Medienexperte Röper: Meinungsmonopole sind längst Realität

In Mecklenburg-Vorpommern gibt es keinen die Vielfalt fördernden Wettbewerb im Markt der Tageszeitungen und Anzeigenblätter. Zu diesem Ergebnis kommt der renommierte Medienwissenschaftler Horst Röper vom Formatt-Institut. Er warnt: Der Mangel schlägt zunehmend auf die Qualität der Berichterstattung durch.

Horst Röper ist Medienwissenschaftler und Geschäftsführer des Forschungsinstituts Formatt in Dortmund. Er und seine Mitarbeiter forschen zur Konzentration in der Medienwirtschaft und zu Strategien der größten deutschen Medienunternehmen.

Die derzeitige Angebots- und Anbieterstruktur bei den Print-Medien in Mecklenburg-Vorpommern ist im Wesentlichen geprägt durch die Hinterlassenschaft der ehemaligen DDR: Die ehemaligen Bezirkszeitungen als jeweils in ihrem Verbreitungsgebiet dominante Blätter haben weiter bestanden.

Durch die Verkaufspraxis der ehemaligen Treuhandanstalt wurde dieser Zustand zementiert. Ein wesentlicher Wettbewerb im Zeitungsmarkt war von vornherein nicht zu erwarten, da sich die Treuhandanstalt gerade bei den Verkäufen von Bezirkszeitungen nicht einmal an die beiden von ihr selbst gesetzten Essentials gehalten hat. Diese waren: 1. Großen Westverlagen nur jeweils eine Übernahme zu gewähren und 2. Nachbarverlage bei Verkäufen nicht zu berücksichtigen. Beide Essentials dienten dem Ziel, zumindest in Teilen Vielfalt zu sichern und Wettbewerb im Medienmarkt aufzubauen bzw. zu etablieren. Diese Zielsetzung war auch zwischen Bundeskartellamt und Treuhandanstalt abgesprochen.

Das Ziel ist verfehlt worden. Der Zeitungsmarkt in Mecklenburg-Vorpommern ist heute auf der Angebotsseite hochgradig konzentriert, zu einem erheblichen Teil monopolisiert. Auf der Anbieterseite gilt dies noch stärker, da einzelne Anbieter bzw. deren Eigner einen mehrfachen Anbieterstatus innehaben.

Womöglich auch wegen der fehlenden Stimulanz des Wettbewerbs hat sich in Mecklenburg-Vorpommern keine Zeitung so entwickelt, dass sie überregionale Bedeutung erlangt hätte. Eine solche Rolle nehmen eben nicht nur überregionale Titel ein, sondern auch einzelne Regionalzeitungen.

In Analogie zur langjährigen Entwicklung in Westdeutschland, haben sich in Mecklenburg-Vorpommern die Verlage salopp formuliert im Zeitraffer von monomedialen Zeitungsverlagen zu multimedialen Medienanbietern entwickelt.

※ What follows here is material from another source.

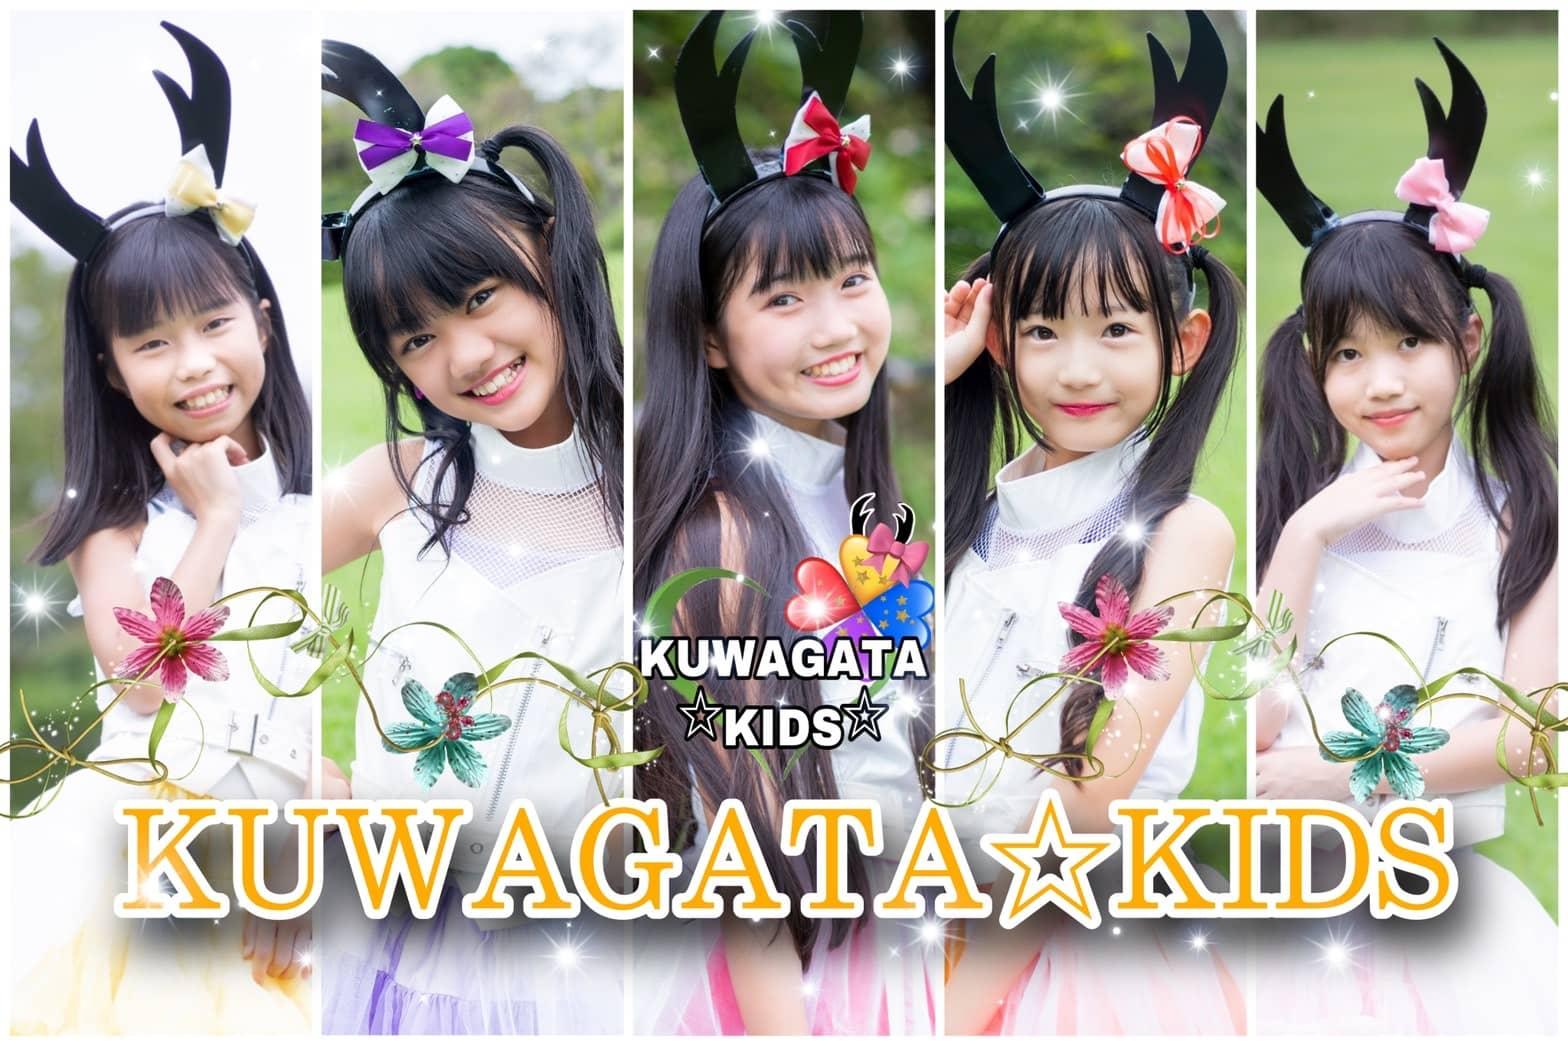 kuwagata-kids-topimg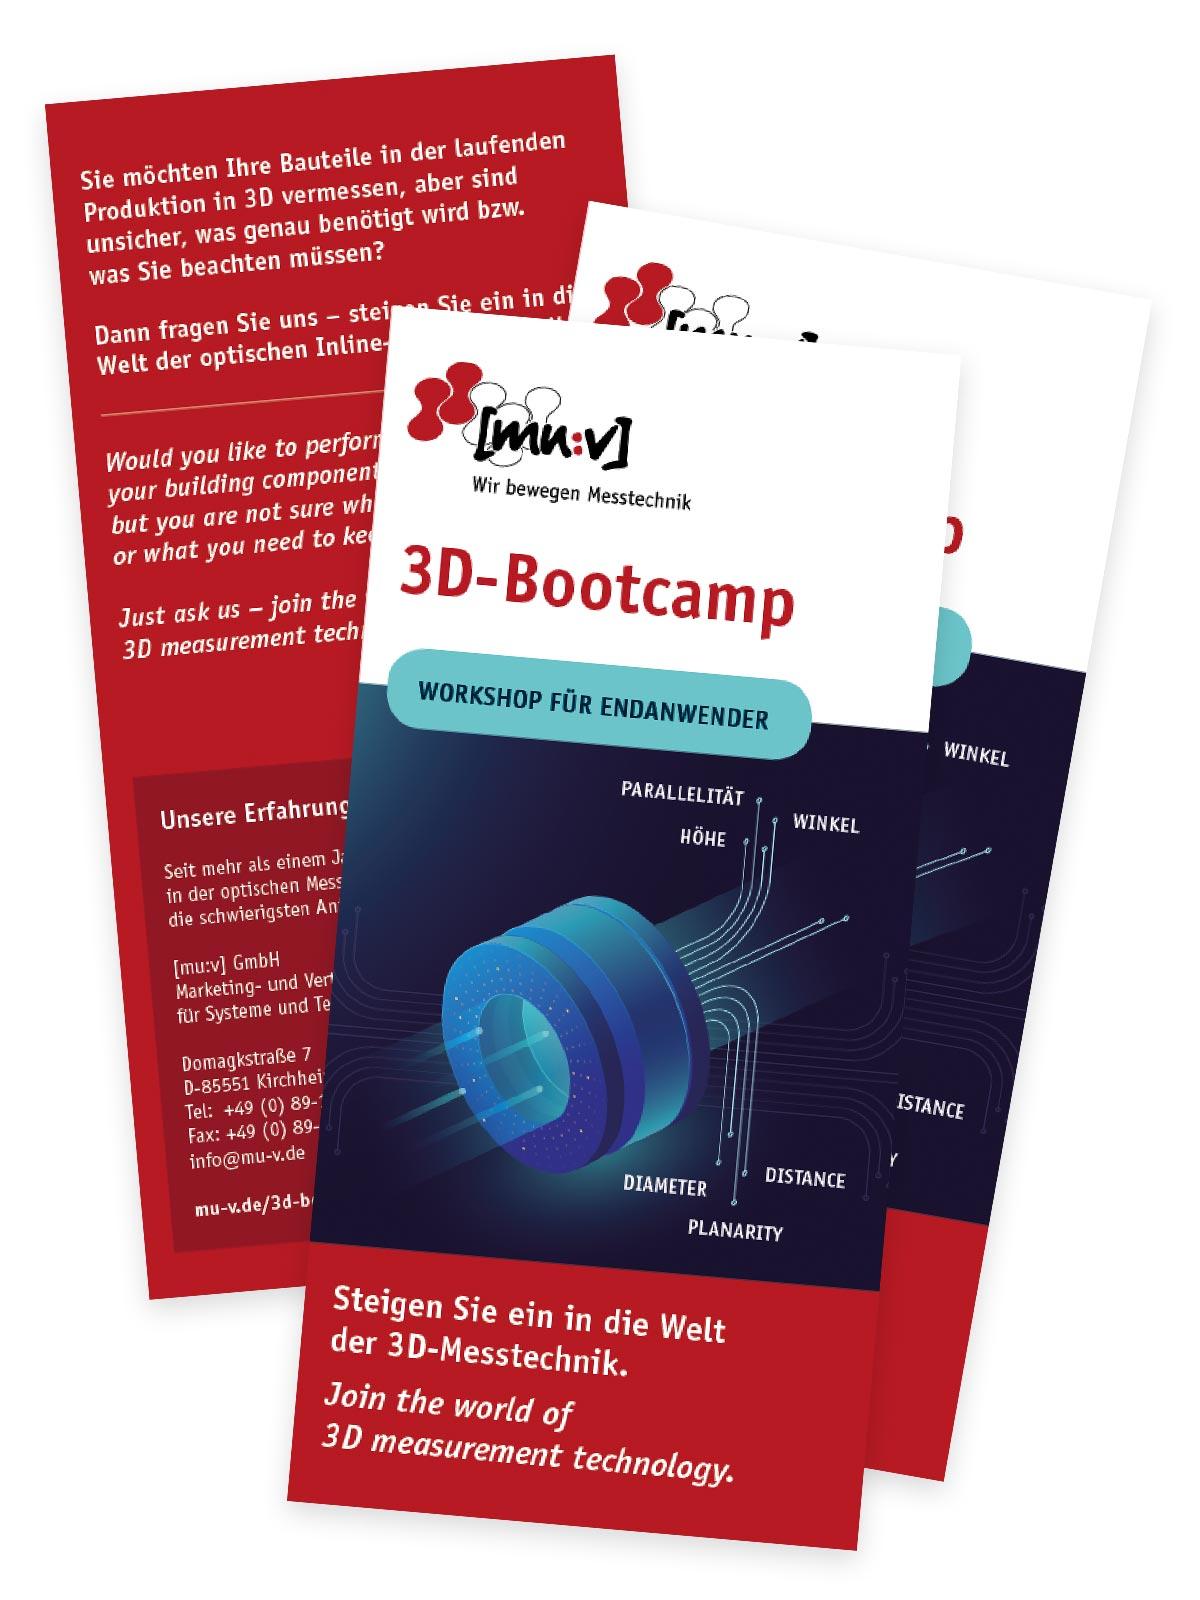 [mu:v] Messtechnik: Faltblatt Workshop 3D-Bootcamp

Dies gilt insbesondere auch für den Markt der Anzeigenblätter, der von den drei wesentlichen Zeitungsanbietern im Land dominiert wird.

Wie praktisch alle Zeitungshäuser in Deutschland geben auch die Verlage im Nord-osten Anzeigenblätter heraus – im eigenen Unternehmen oder über Tochter- und Beteiligungsverlage. Diese strategische Ausrichtung dient vor allem dem Ziel, den Anzeigenmarkt der Zeitung zu schützen, denn die Zeitung ist fast ausnahmslos das wichtigste Produkt der Verlage geblieben.

Ein gewisser Grad von Wettbewerb zwischen den Redaktionen von Anzeigenblatt und Zeitung im Lesermarkt mag fallweise akzeptiert werden, findet freilich dort seine Grenze, wo die Marktstellung der Zeitung tangiert wäre. In der Regel konzentrieren sich gerade Anzeigenblätter aus Zeitungsverlagen auf die sublokalen Räume, greifen Themen auf, die von den Zeitungsredaktionen nicht bearbeitet werden.

Im Ergebnis gibt es in Mecklenburg-Vorpommern keinen die Vielfalt fördernden Wettbewerb – und zwar weder unter mono- noch unter multimedialen Aspekten. Meinungsmonopole sind längst Realität, zumindest in Bezug auf den lokalen Journalismus. Ihre Verhinderung wurde versäumt.